==== SOURCE DATA ====

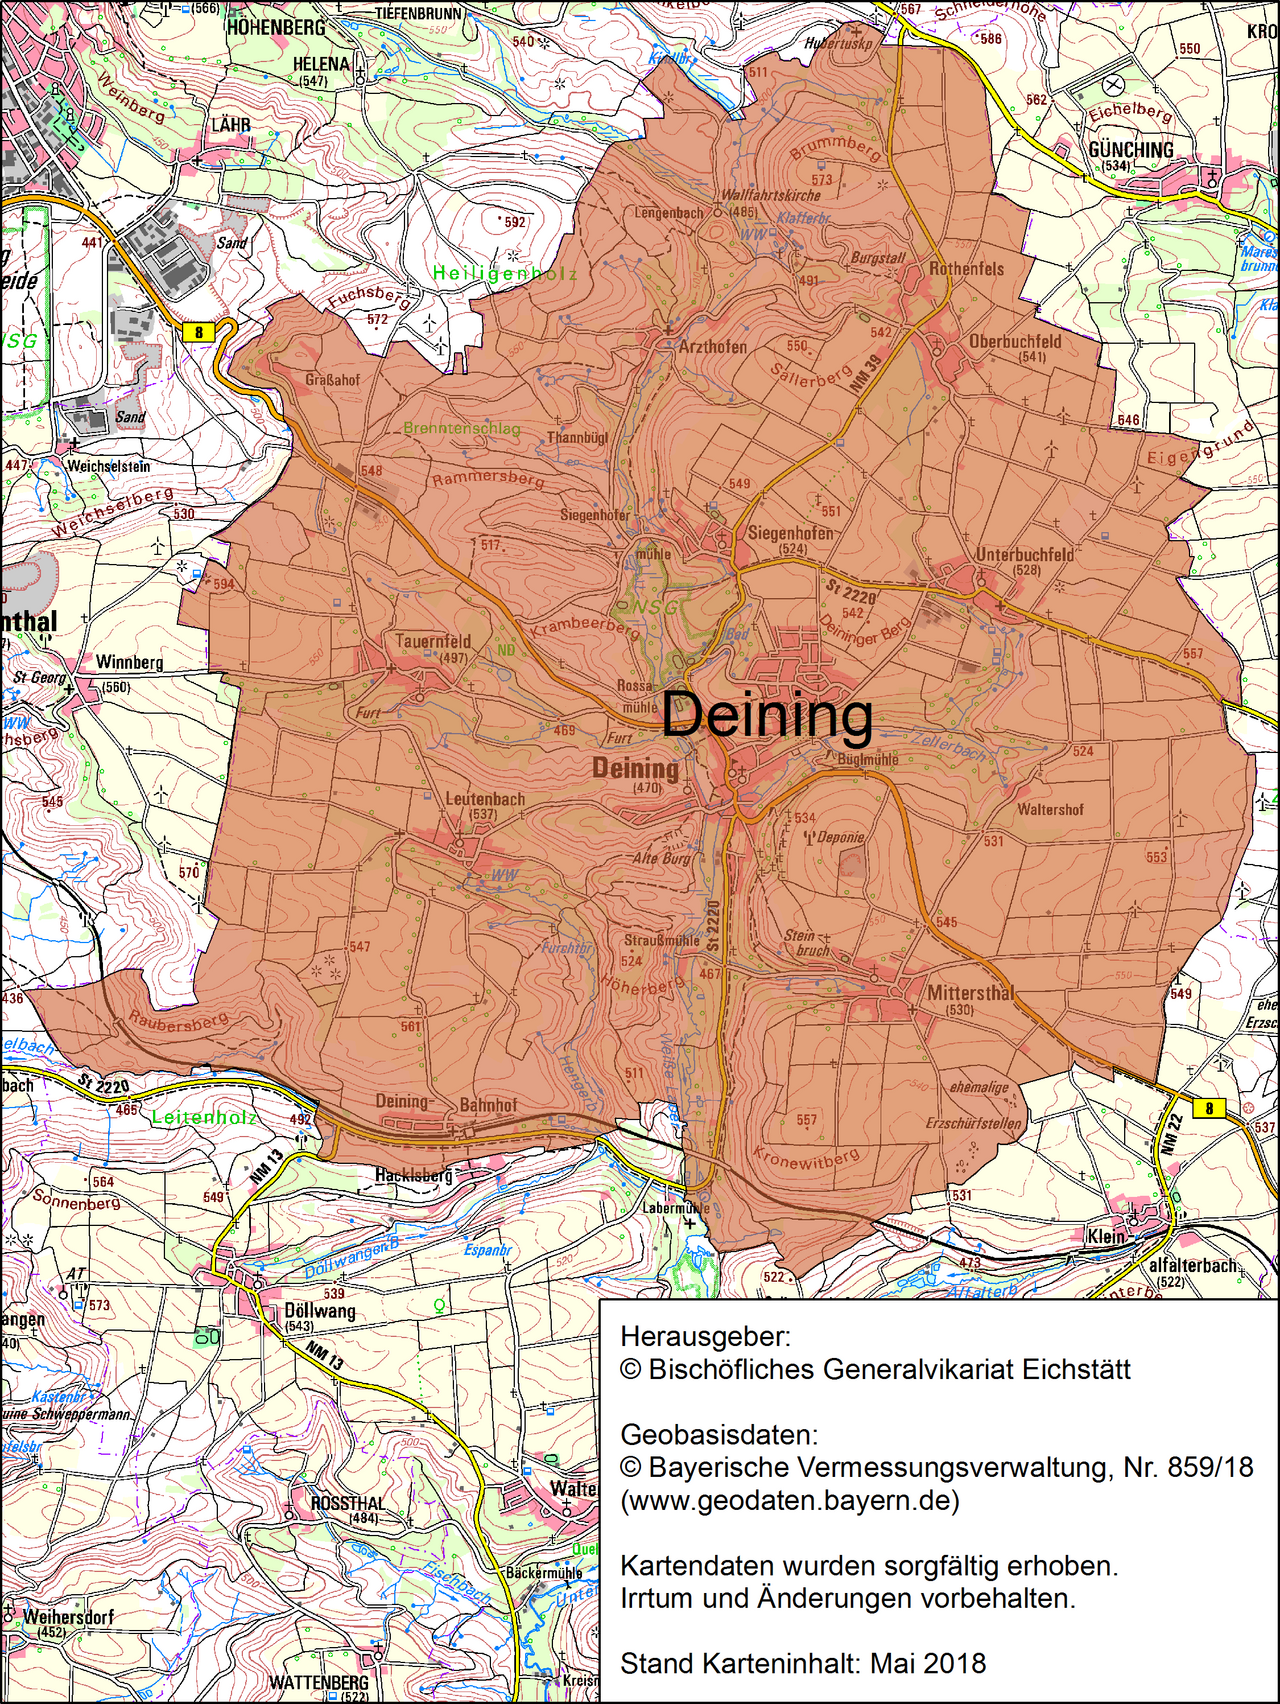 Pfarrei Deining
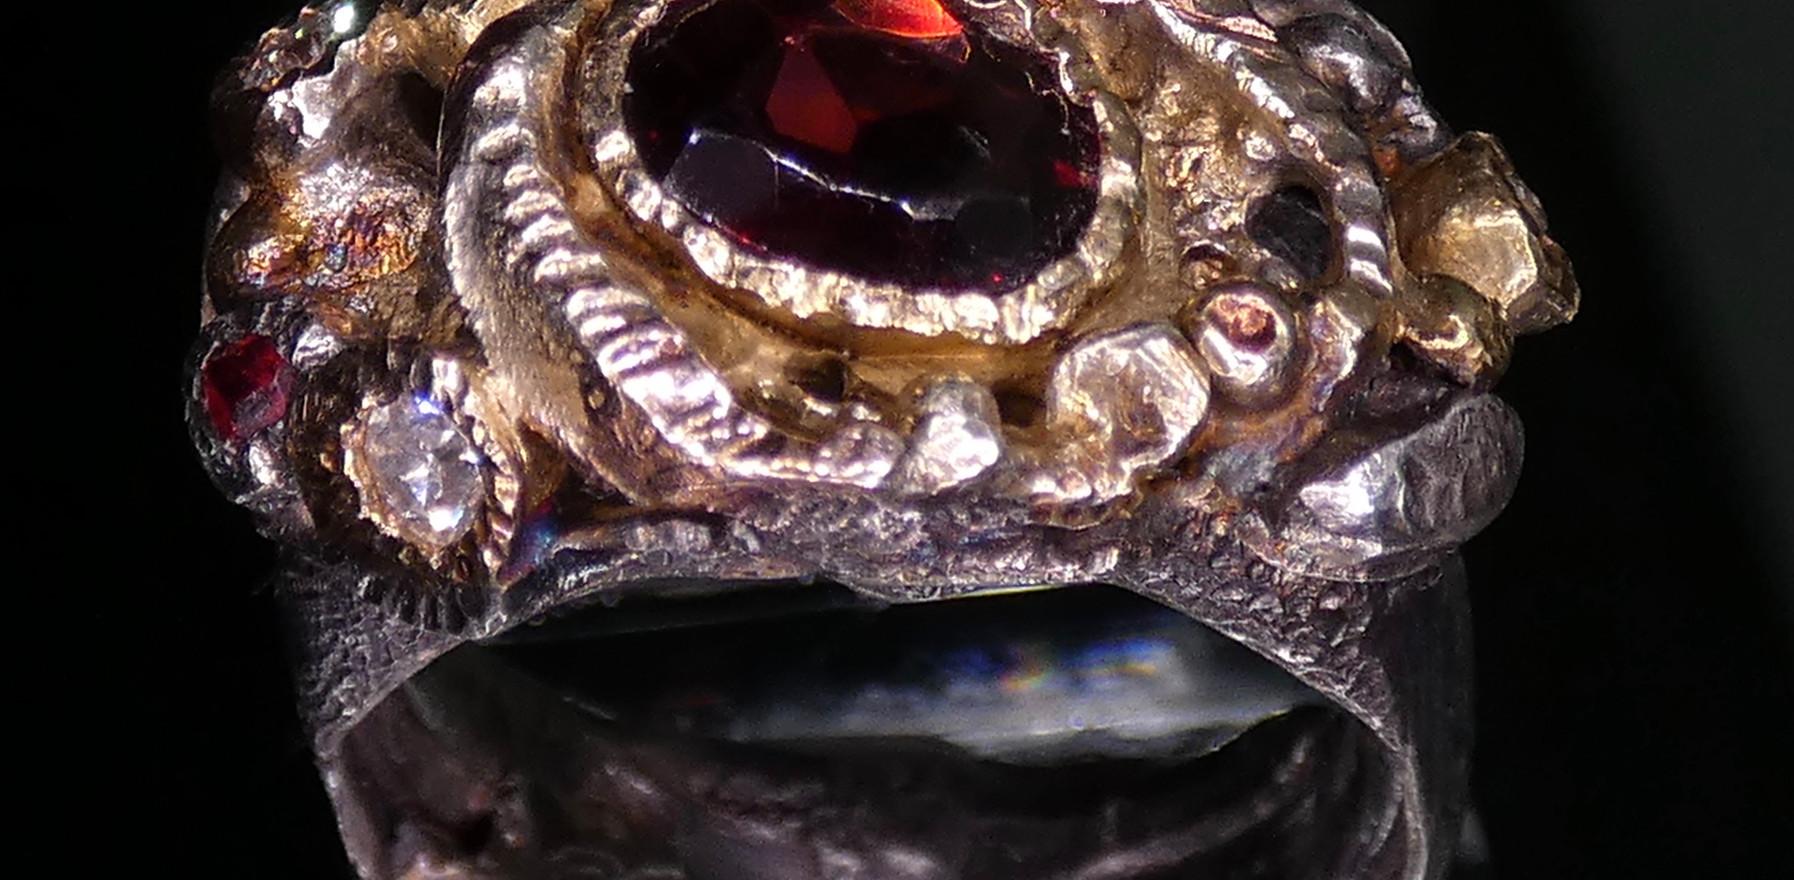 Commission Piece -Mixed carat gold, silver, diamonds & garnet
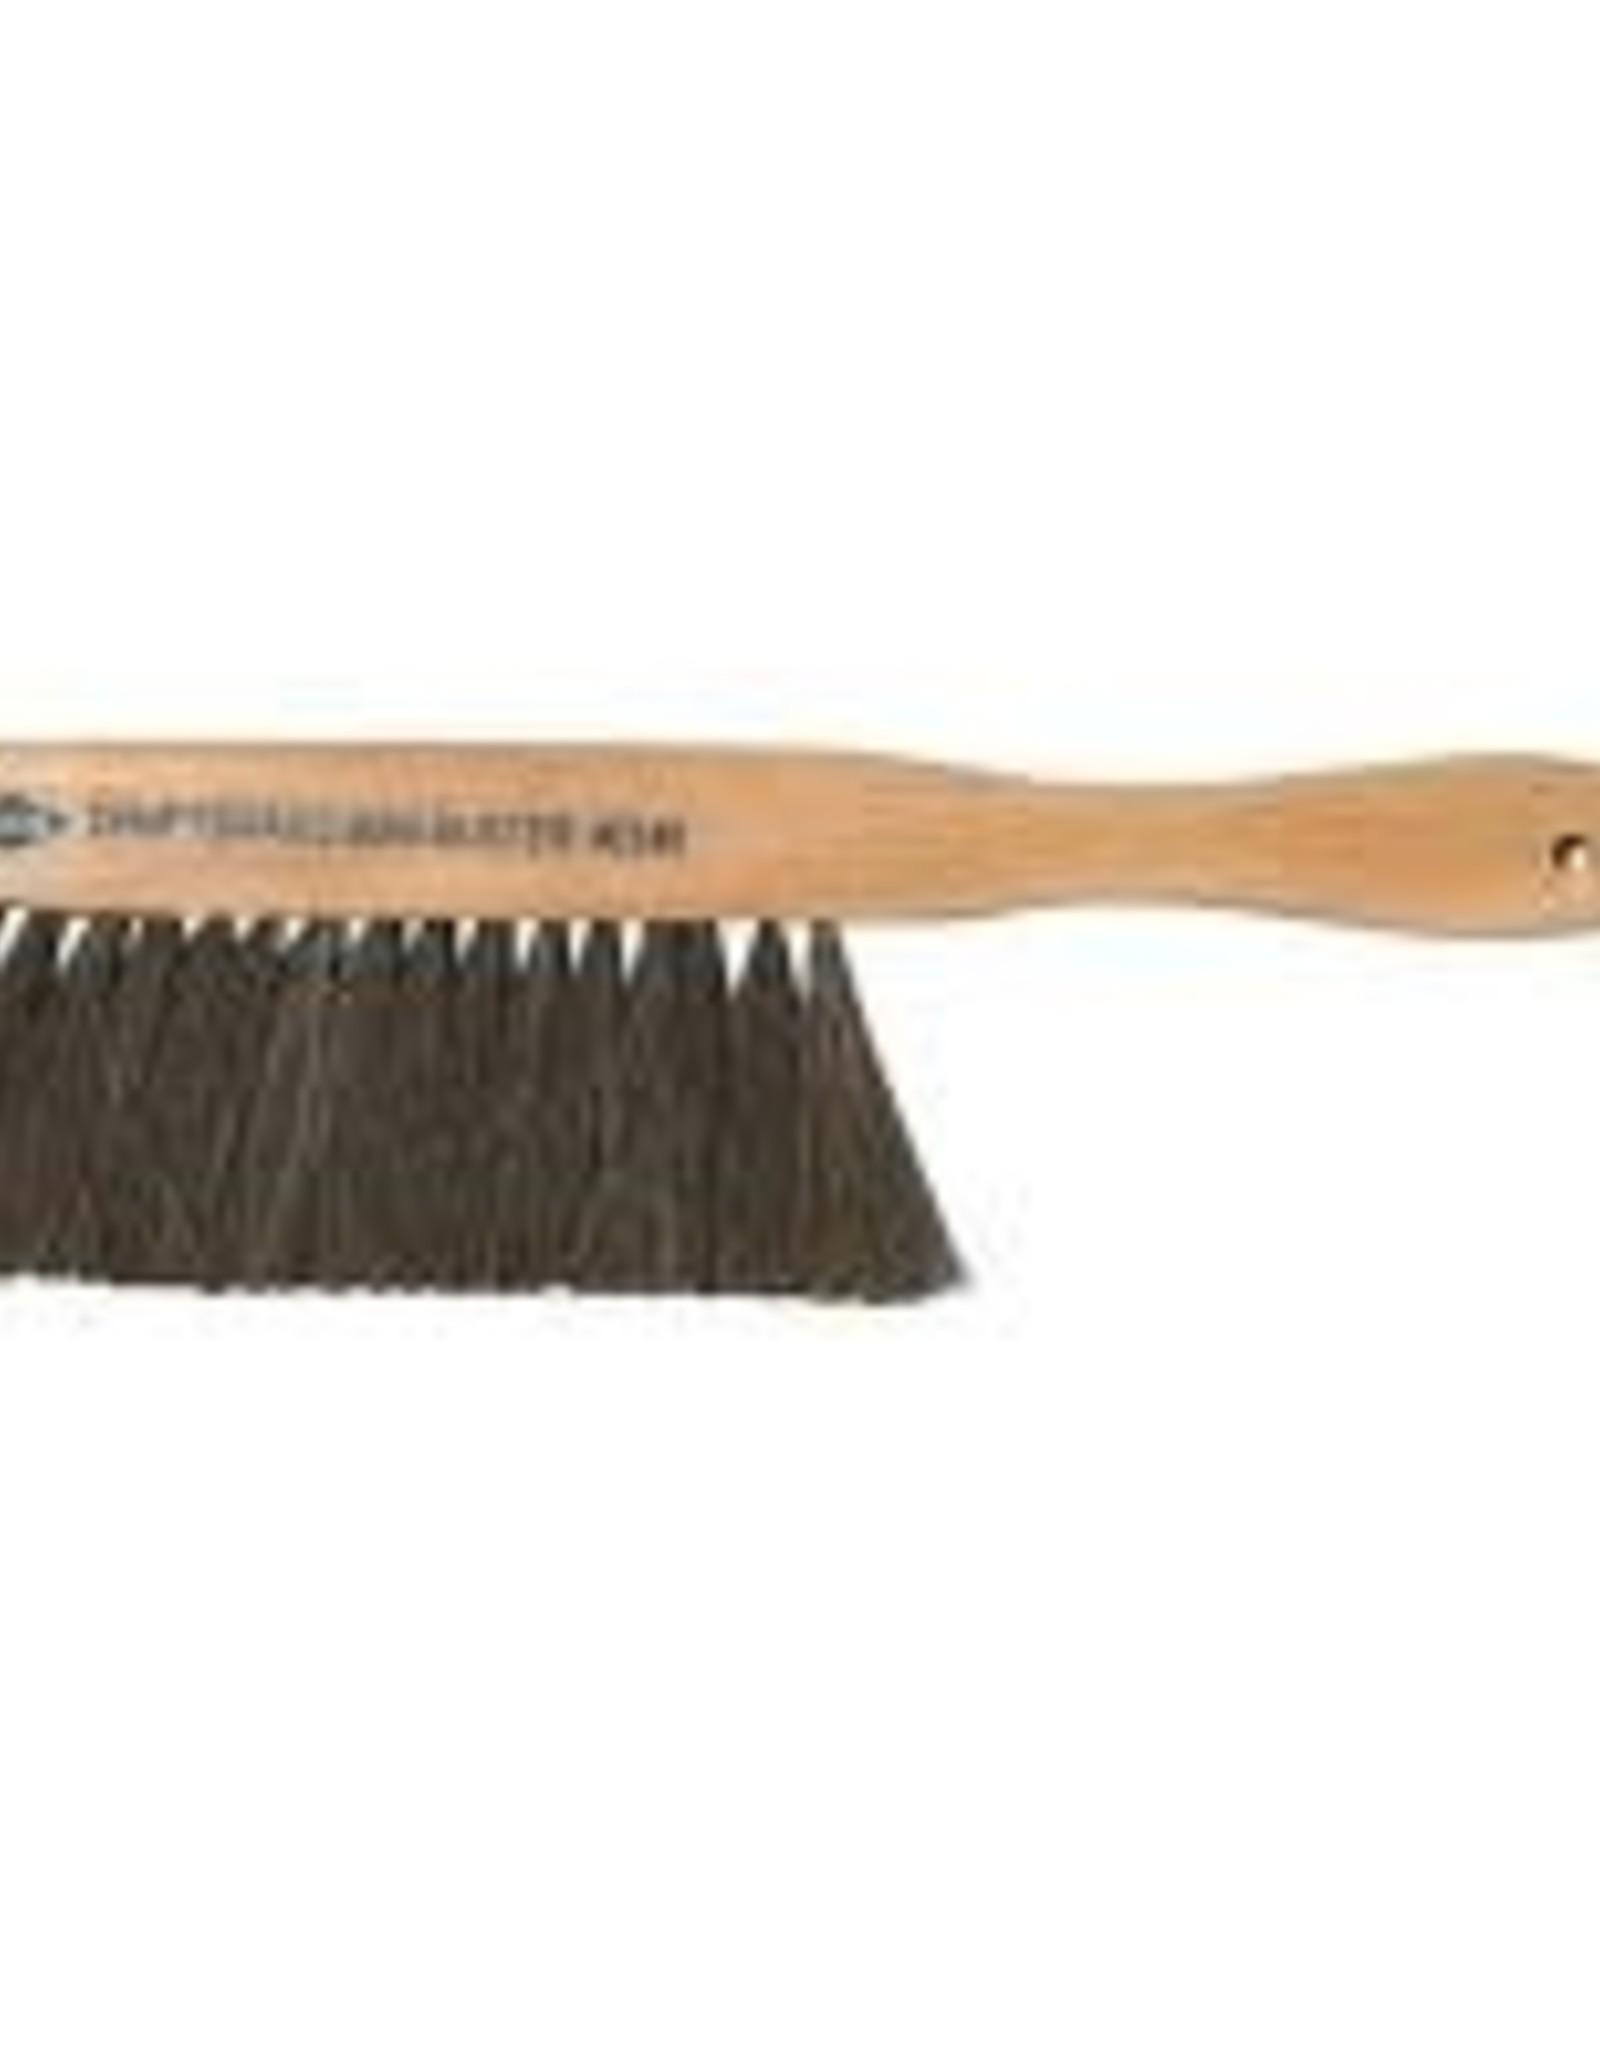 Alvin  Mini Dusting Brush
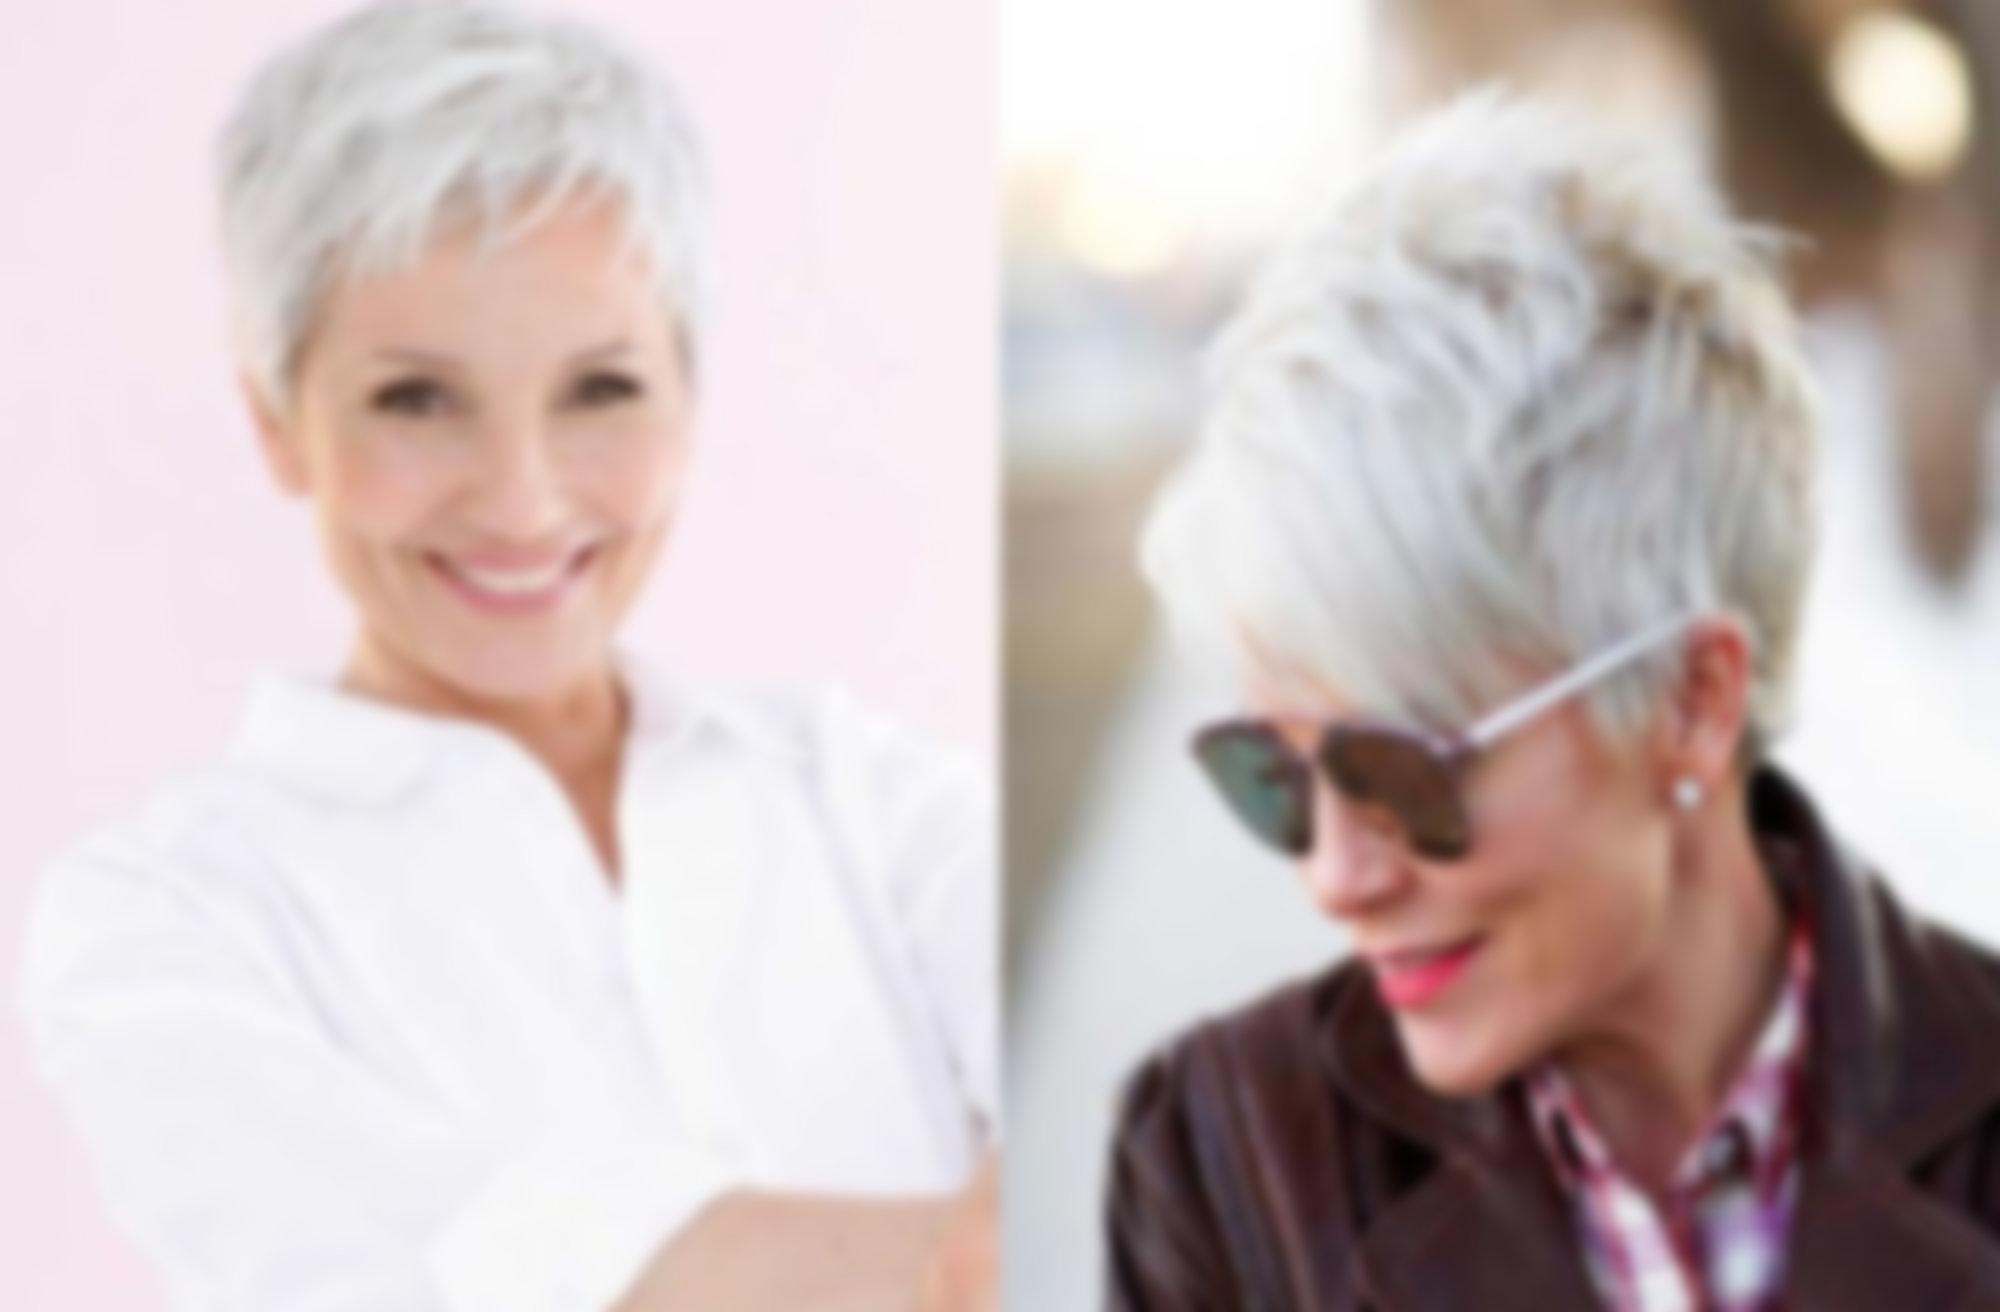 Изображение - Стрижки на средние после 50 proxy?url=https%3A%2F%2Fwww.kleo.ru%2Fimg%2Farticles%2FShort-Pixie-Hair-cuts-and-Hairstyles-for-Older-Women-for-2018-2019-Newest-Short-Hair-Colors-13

====

◆ **TASK BRIEF**:
Line for line, retype the material exactly, omitting any pictures.

◆ **RESPONSE**:
 Pfarrei Deining
 Commission Piece -Mixed carat gold, silver, diamonds & garnet
 Alvin  Mini Dusting Brush
 Изображение - Стрижки на средние после 50 proxy?url=https%3A%2F%2Fwww.kleo.ru%2Fimg%2Farticles%2FShort-Pixie-Hair-cuts-and-Hairstyles-for-Older-Women-for-2018-2019-Newest-Short-Hair-Colors-13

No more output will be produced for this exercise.